To run this analysis, run all the cells in the notebook, starting with the “Load packages” cell.

Load packages

[1]:

%matplotlib inline
import random
import numpy as np
import pandas as pd
import seaborn as sns
import matplotlib.pyplot as plt
from matplotlib.patches import Patch
from sklearn.decomposition import PCA
from mpl_toolkits.mplot3d import Axes3D
from sklearn.preprocessing import StandardScaler
from sklearn.ensemble import RandomForestClassifier

Analysis Parameters

training_data: Name and location of the training data .txt file output from runnning 1_Extract_training_data.ipynb
class_dict: A dictionary mapping the ‘string’ name of the classes to the integer values that represent our classes in the training data (e.g. {'crop': 1., 'noncrop': 0.})
field: This is the name of the column in the original training data shapefile that contains the class labels. This is provided simply so we can remove this attribute before we plot the data

[2]:

training_data = "results/test_training_data.csv"

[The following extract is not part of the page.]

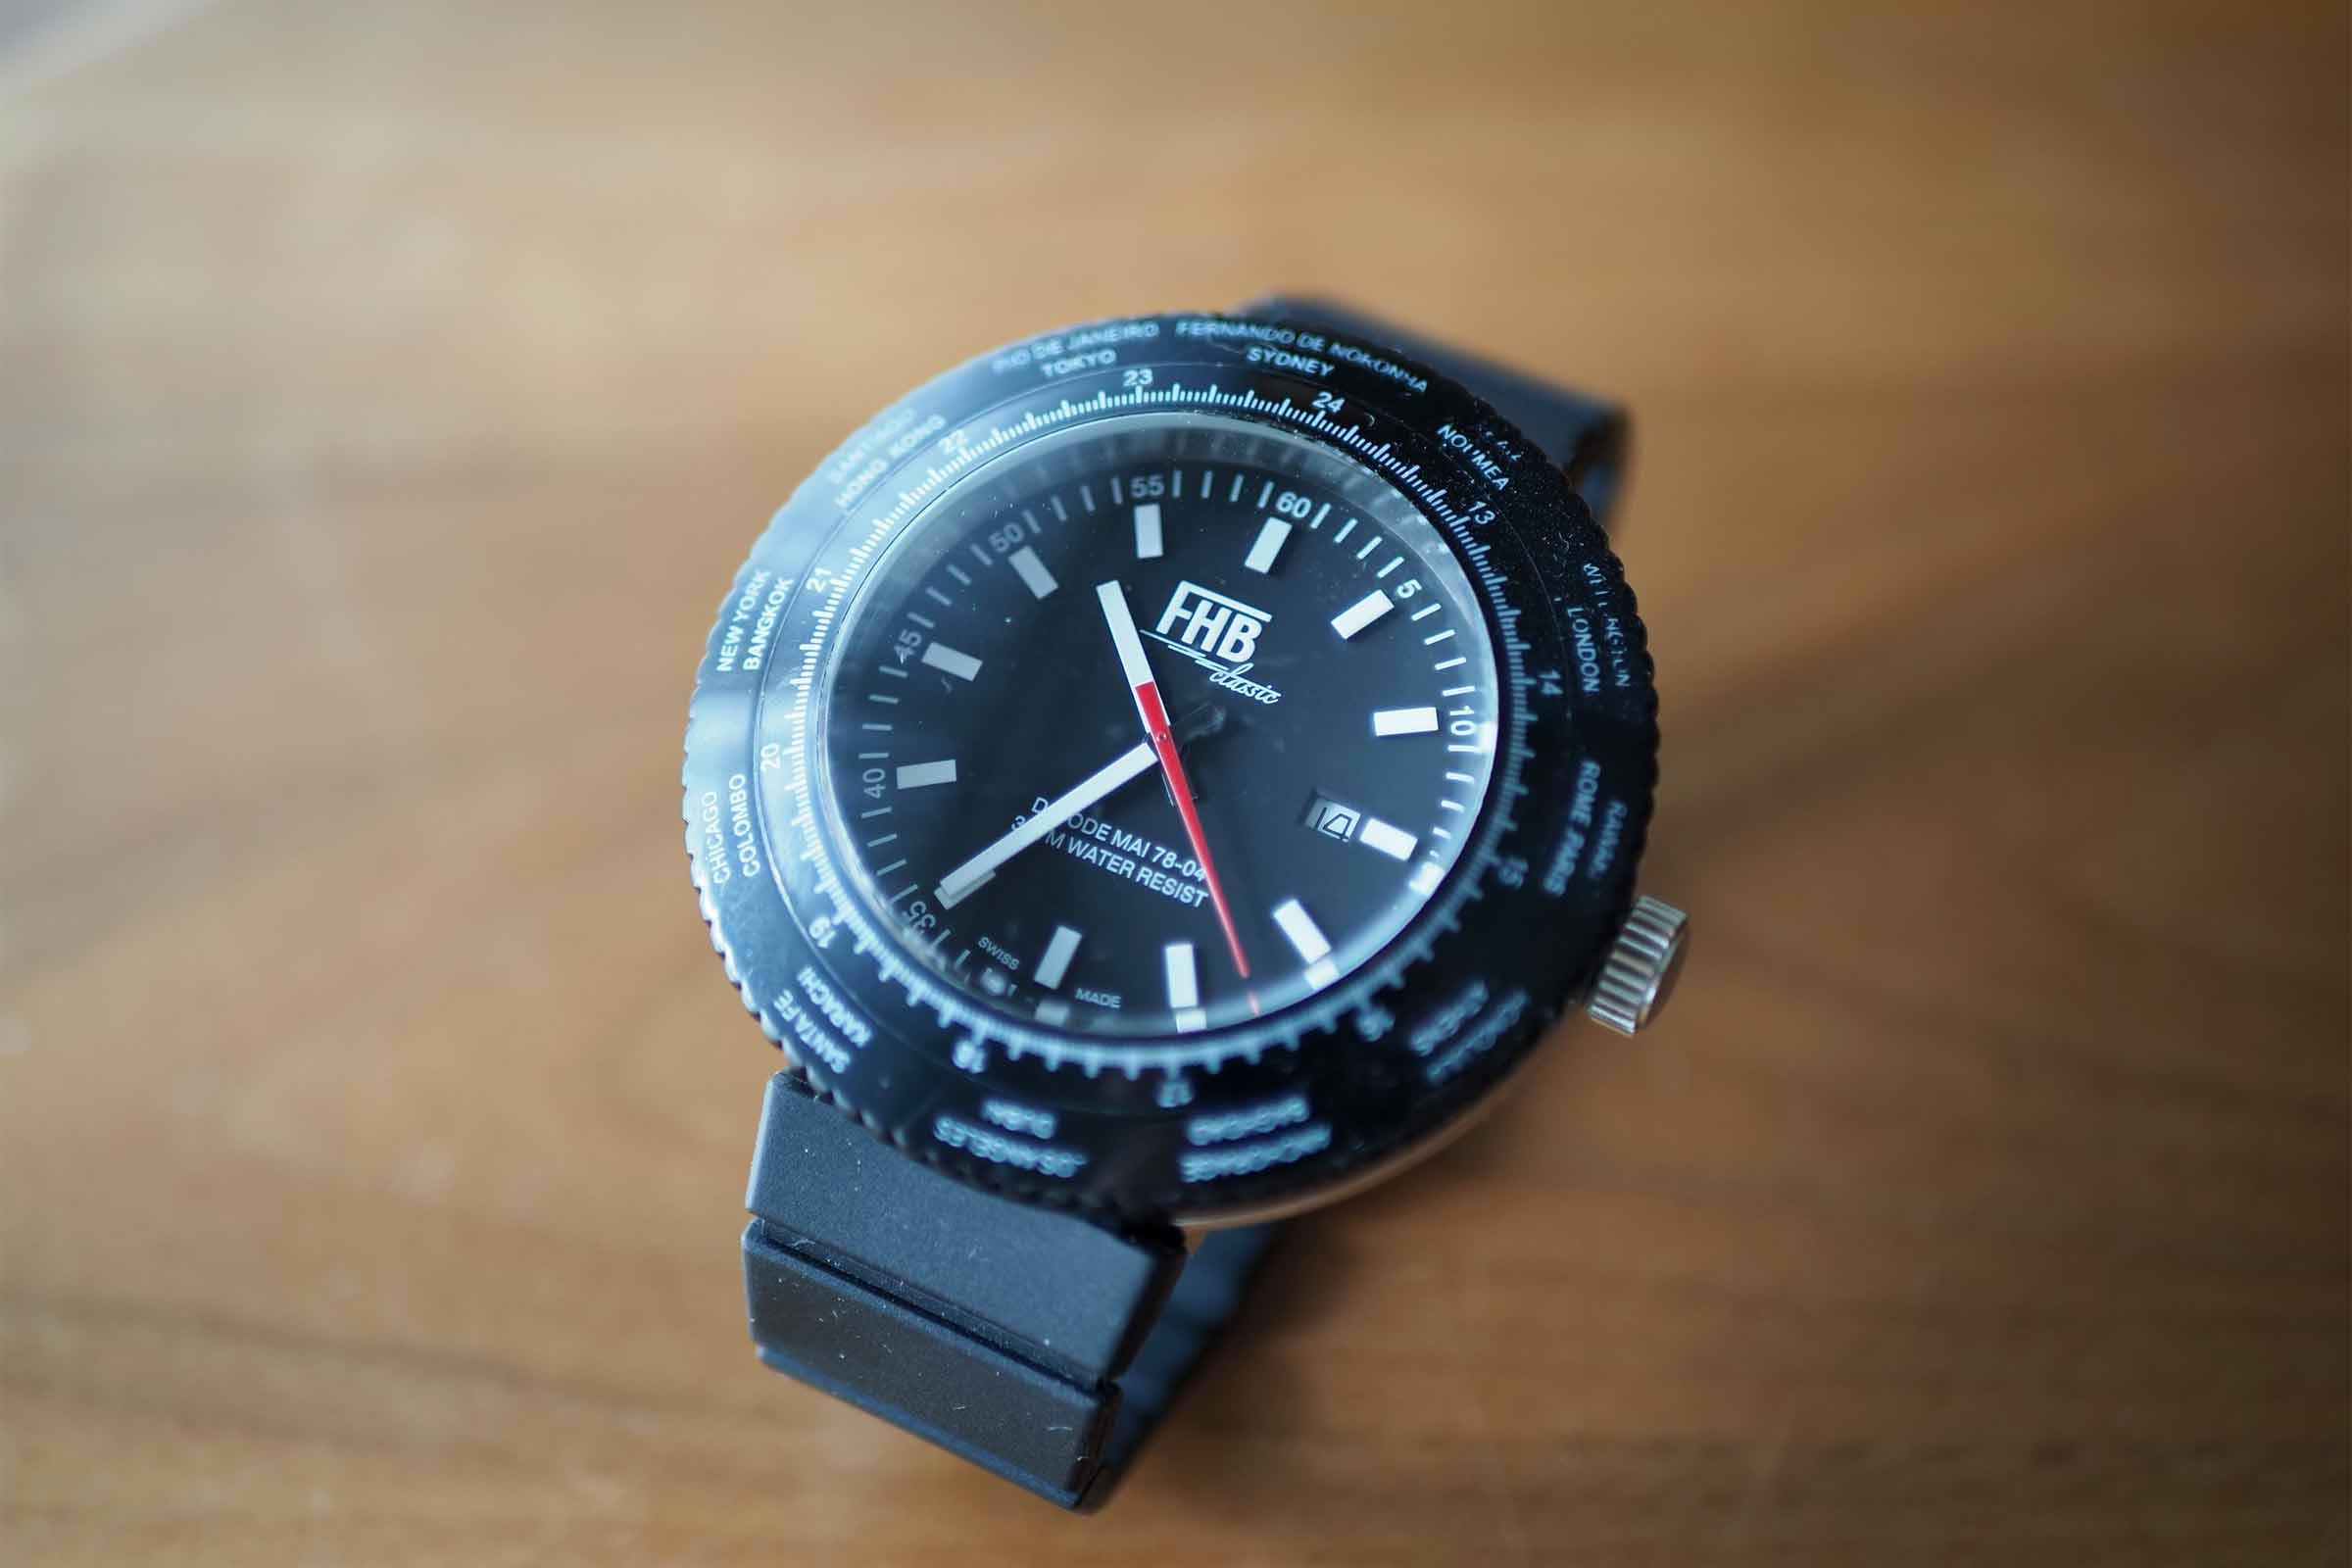 FHB,腕時計,黒,メンズ,ビッグフェイス,お洒落,カッコいい

class_dict = {'crop': 1, 'noncrop': 0}

field = 'class'

Import training data

[3]:

df = pd.read_csv(training_data)

Data Wrangling

This cell extracts each class in the training data array and assigns it to a dictionary, this step will allow for cleanly plotting our data

[4]:

# Fit the standard scaler to all features
X = df.drop(field, axis=1)
y = df[[field]]
scaler = StandardScaler(with_mean=False)
scaler.fit(X);

dfs = {}
for key, value in class_dict.items():
    print(key, value)
    # extract values for class from training data
    arr = df[df['class']==value].drop(field, axis=1)
    # Scale the dataframe
    scaled_df = scaler.transform(arr)
    scaled_df = pd.DataFrame(scaled_df, columns=arr.columns)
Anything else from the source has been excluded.